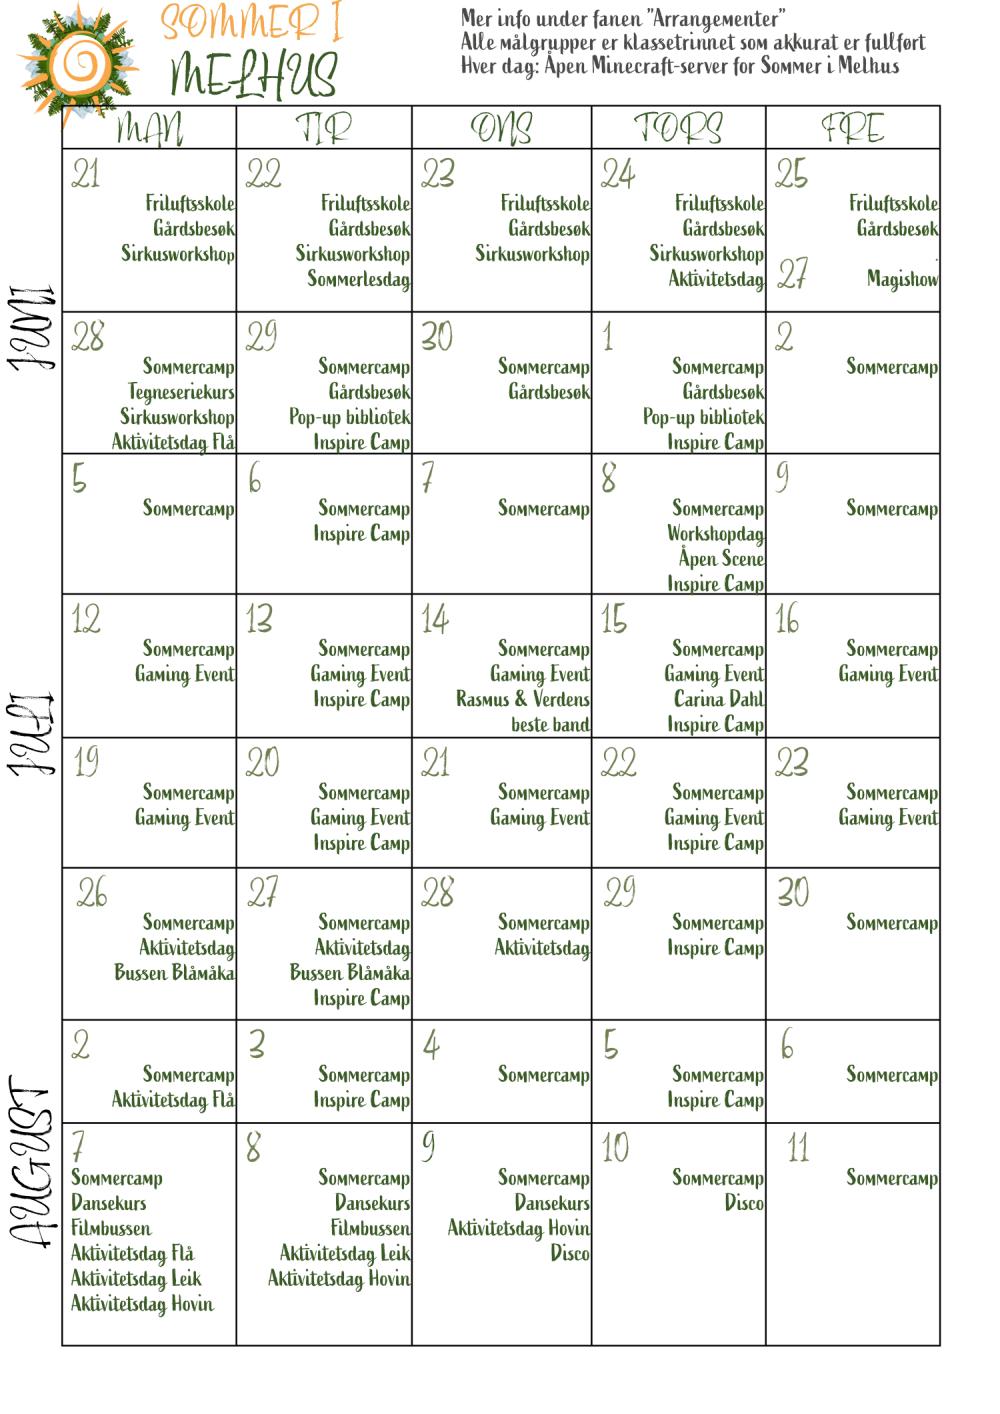 kalender sommer i Melhus
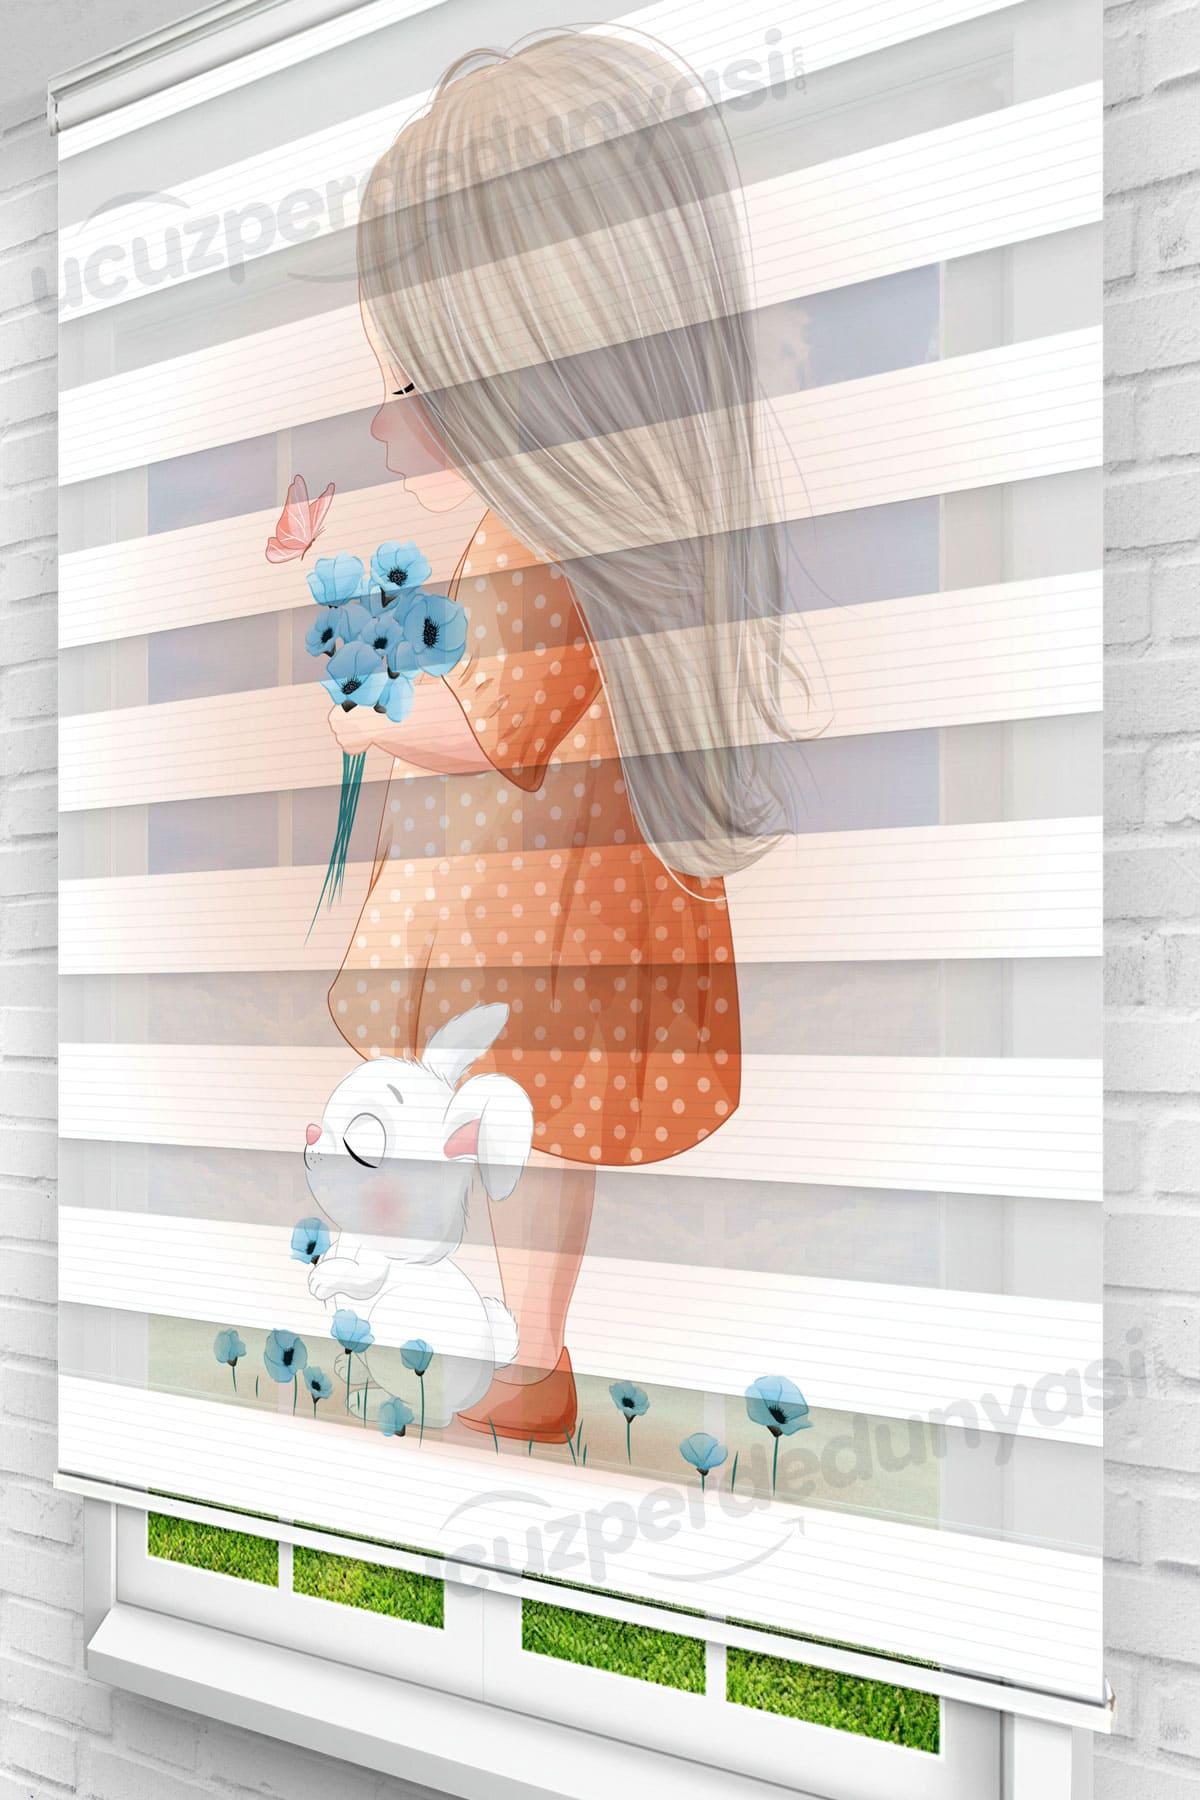 Turuncu Kız Çocuk Odası Zebra Perde
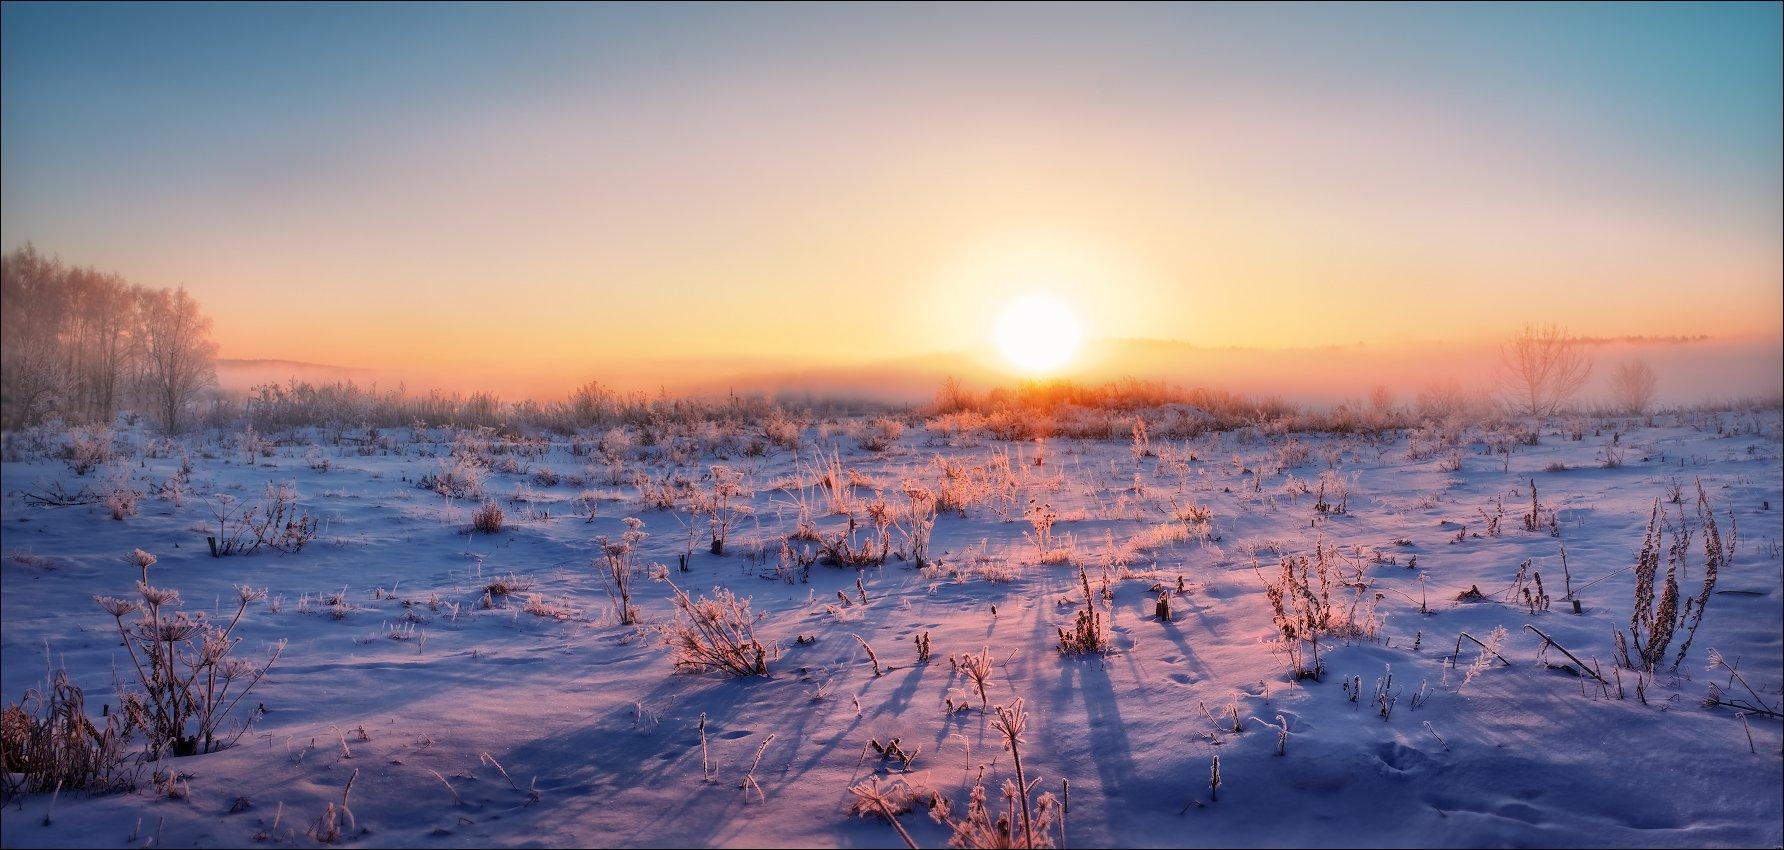 Дымка, Зима, Рассвет, Сергей Шабуневич

» **TASK OBJECTIVE**
Each line from the line containing "Turuncu Kız Çocuk Odası Zebra Perde" through the final line of the data above must be retyped exactly; nothing else, and no pictures, may appear.

» **OUTPUT FOR THIS TASK**
 Turuncu Kız Çocuk Odası Zebra Perde
 Дымка, Зима, Рассвет, Сергей Шабуневич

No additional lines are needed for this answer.